Although embodiments of the present invention have been shown and described above, it is understood that the above embodiments are exemplary and should not be construed as limiting the present invention, and that variations, modifications, substitutions and alterations can be made in the above embodiments by those of ordinary skill in the art without departing from the principle and spirit of the present invention.

Claims (3)

1. The polyamide material with the high friction coefficient is characterized by comprising the following components in percentage by weight:

69.4 percent of polyamide resin,

the coating is coated with 10 percent of inorganic filler,

20 percent of toughening agent,

0.2 percent of silane coupling agent

0.2 percent of antioxidant,

0.2% of a lubricant;

wherein the polyamide resin is PA6 with the viscosity of 2.4-2.7 and the melting point of 220-225 ℃;

the coating inorganic filler is talcum powder, and the particle size of the talcum powder is 10nm-100 nm;

the toughening agent is POE-g-MAH, the silane coupling agent is KH550, the antioxidant is 1098, and the lubricant is calcium stearate;

the preparation method comprises the following steps:

feeding: adding half of the needed toughening agent in the weight ratio into a high-speed mixer, adding the silane coupling agent according to the weight ratio of the spraying process, mixing for 4-5 minutes by using the high-speed mixer, then adding half of the dried coated inorganic filler in the weight ratio, adding the rest of the toughening agent and the rest of the dried coated inorganic filler, and stirring for 10-15 minutes by using the high-speed mixer; preparing inorganic filler coated by the toughening agent; the dried coated inorganic filler is obtained by drying the coated inorganic filler in drying equipment at the temperature of 60-80 ℃ for 30-60 minutes;

adding the inorganic filler coated by the obtained toughening agent, the antioxidant, the lubricant and the polyamide resin into a high-speed stirrer together for fully and uniformly mixing;

and (3) feeding the obtained product into a double-screw extruder through a metering feeding device, wherein the temperature of each zone is 210-240 ℃, the materials are fully fused under the shearing, mixing and conveying of a screw, and finally, the obtained product is extruded, pulled and cooled to obtain a particle finished product.

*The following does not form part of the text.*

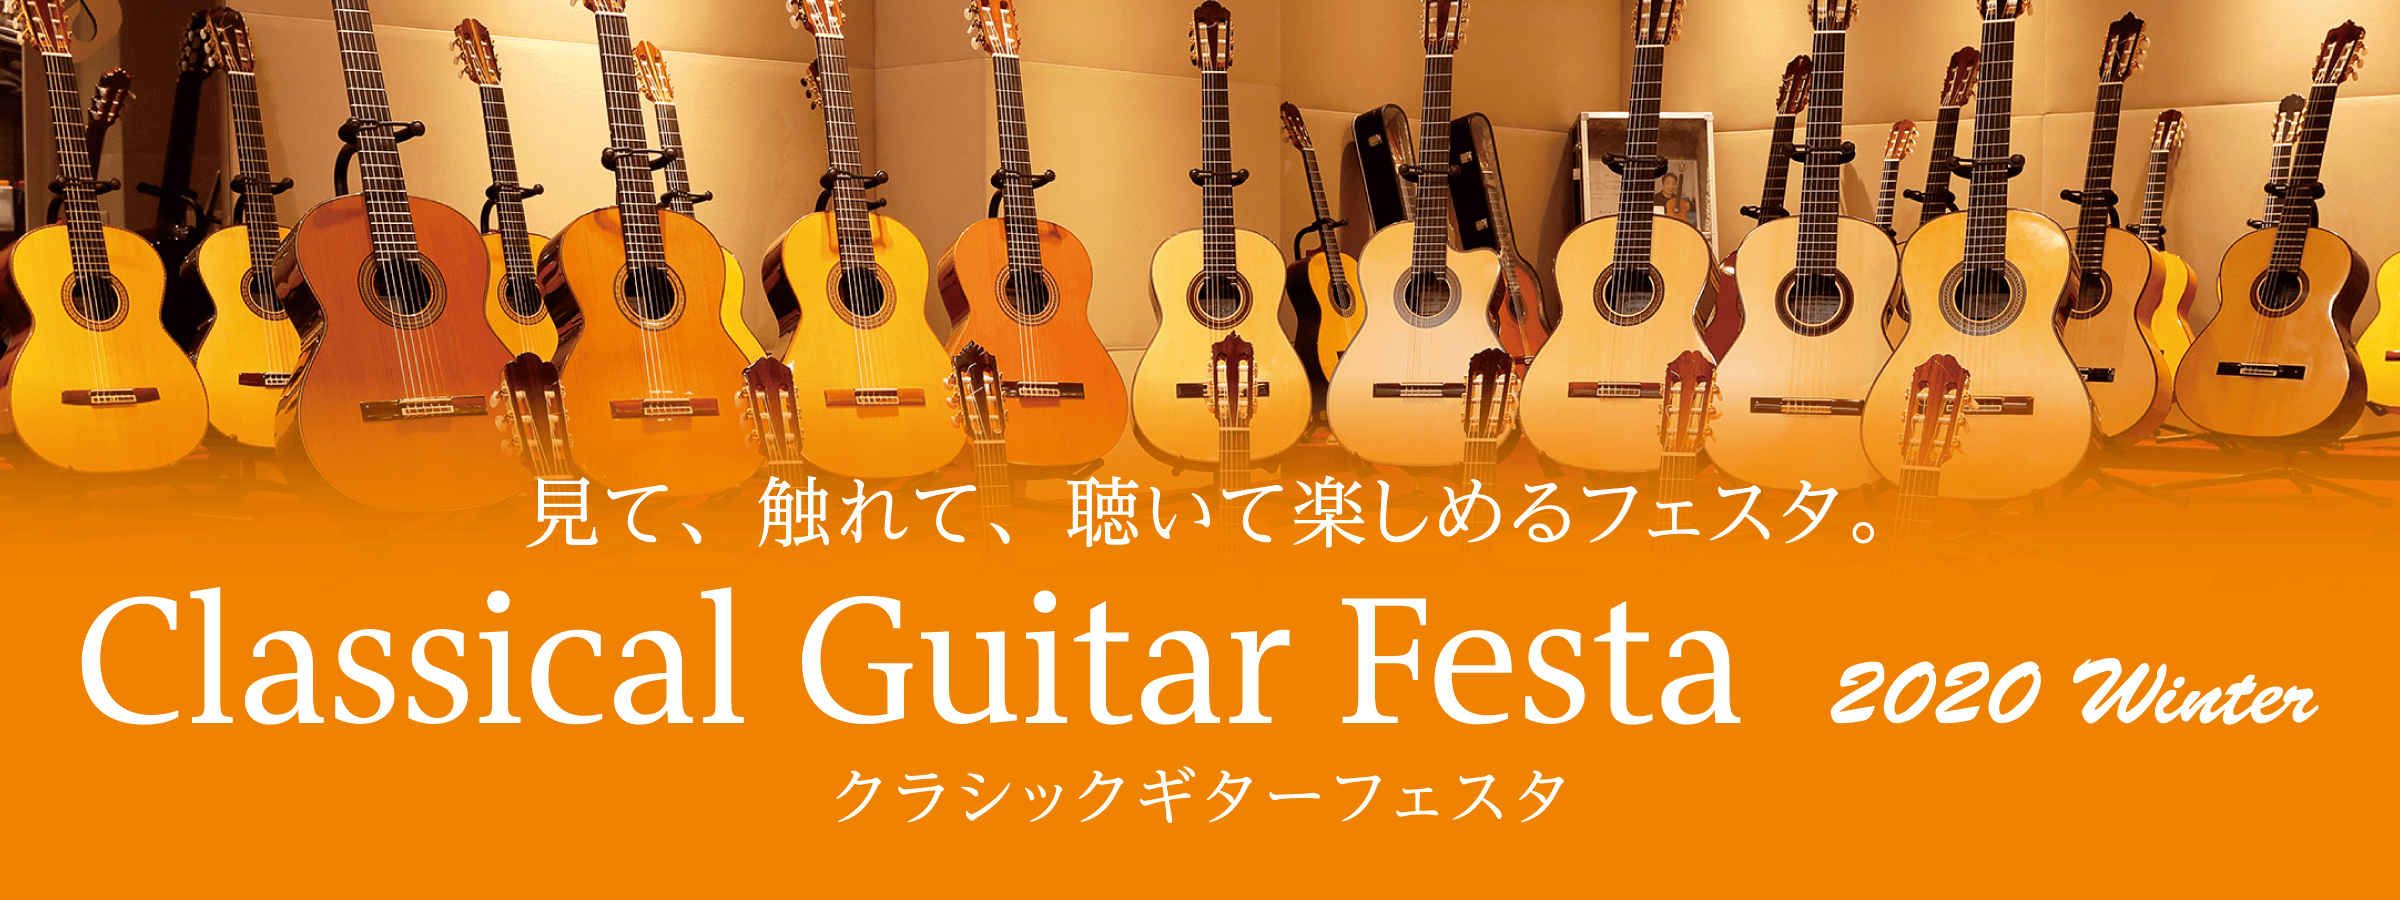 クラシックギターフェスタ2020-2021冬【2021年1月15日(金)~17日(日)】出展商品とイベントのご紹介！
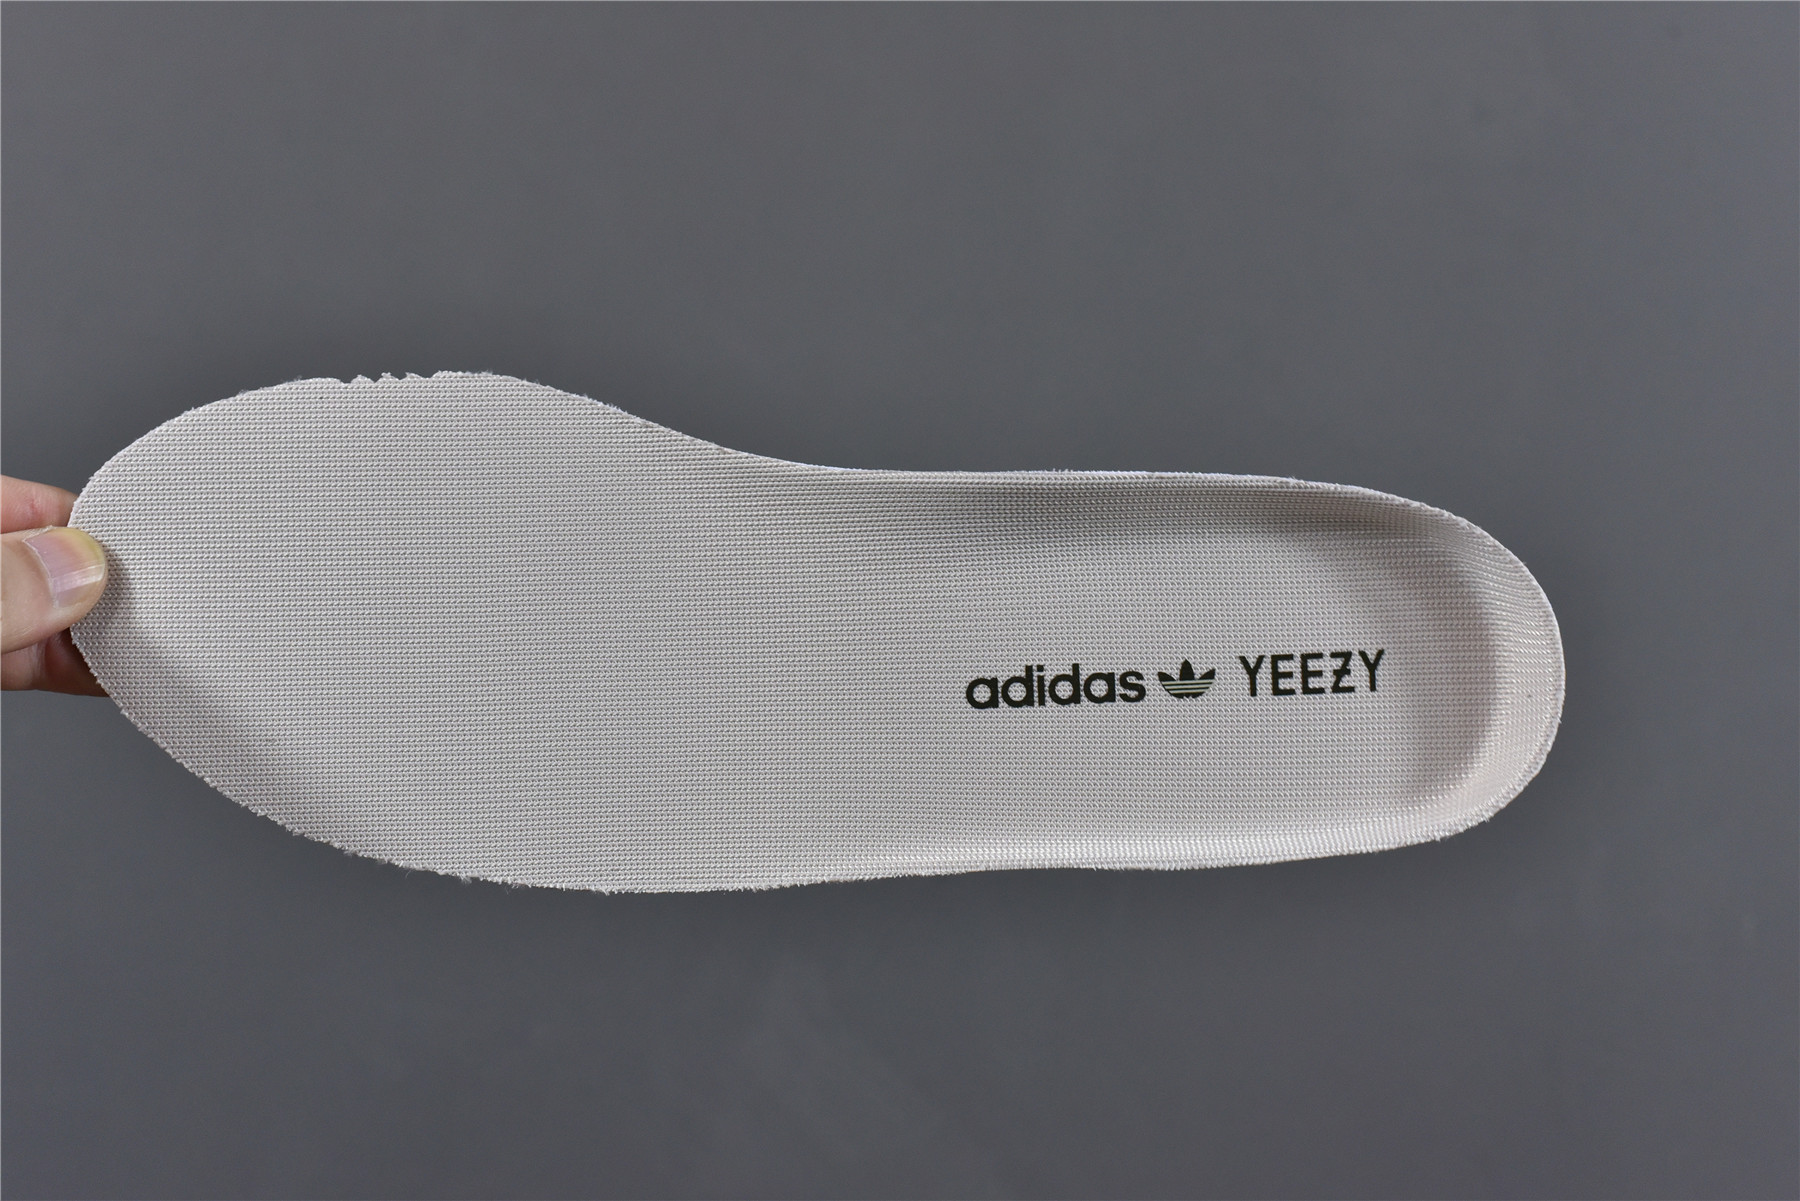 Adidas Yeezy Boost 350 V2 Zyon Fz1267_kickbulk 33 - www.kickbulk.cc

2. A process for producing the high friction coefficient polyamide material according to claim 1,

feeding: adding half of the needed toughening agent in the weight ratio into a high-speed mixer, adding the silane coupling agent according to the weight ratio of the spraying process, mixing for 4-5 minutes by using the high-speed mixer, then adding half of the dried coated inorganic filler in the weight ratio, adding the rest of the toughening agent and the rest of the dried coated inorganic filler, and stirring for 10-15 minutes by using the high-speed mixer; preparing inorganic filler coated by the toughening agent; the dried coated inorganic filler is obtained by drying the coated inorganic filler in drying equipment at the temperature of 60-80 ℃ for 30-60 minutes;

adding the inorganic filler coated by the obtained toughening agent, the antioxidant, the lubricant and the polyamide resin into a high-speed stirrer together for fully and uniformly mixing;

and (3) feeding the obtained product into a double-screw extruder through a metering feeding device, wherein the temperature of each zone is 210-240 ℃, the materials are fully fused under the shearing, mixing and conveying of a screw, and finally, the obtained product is extruded, pulled and cooled to obtain a particle finished product.

3. Use of the high coefficient of friction polyamide material according to claim 1 in the rail transit industry.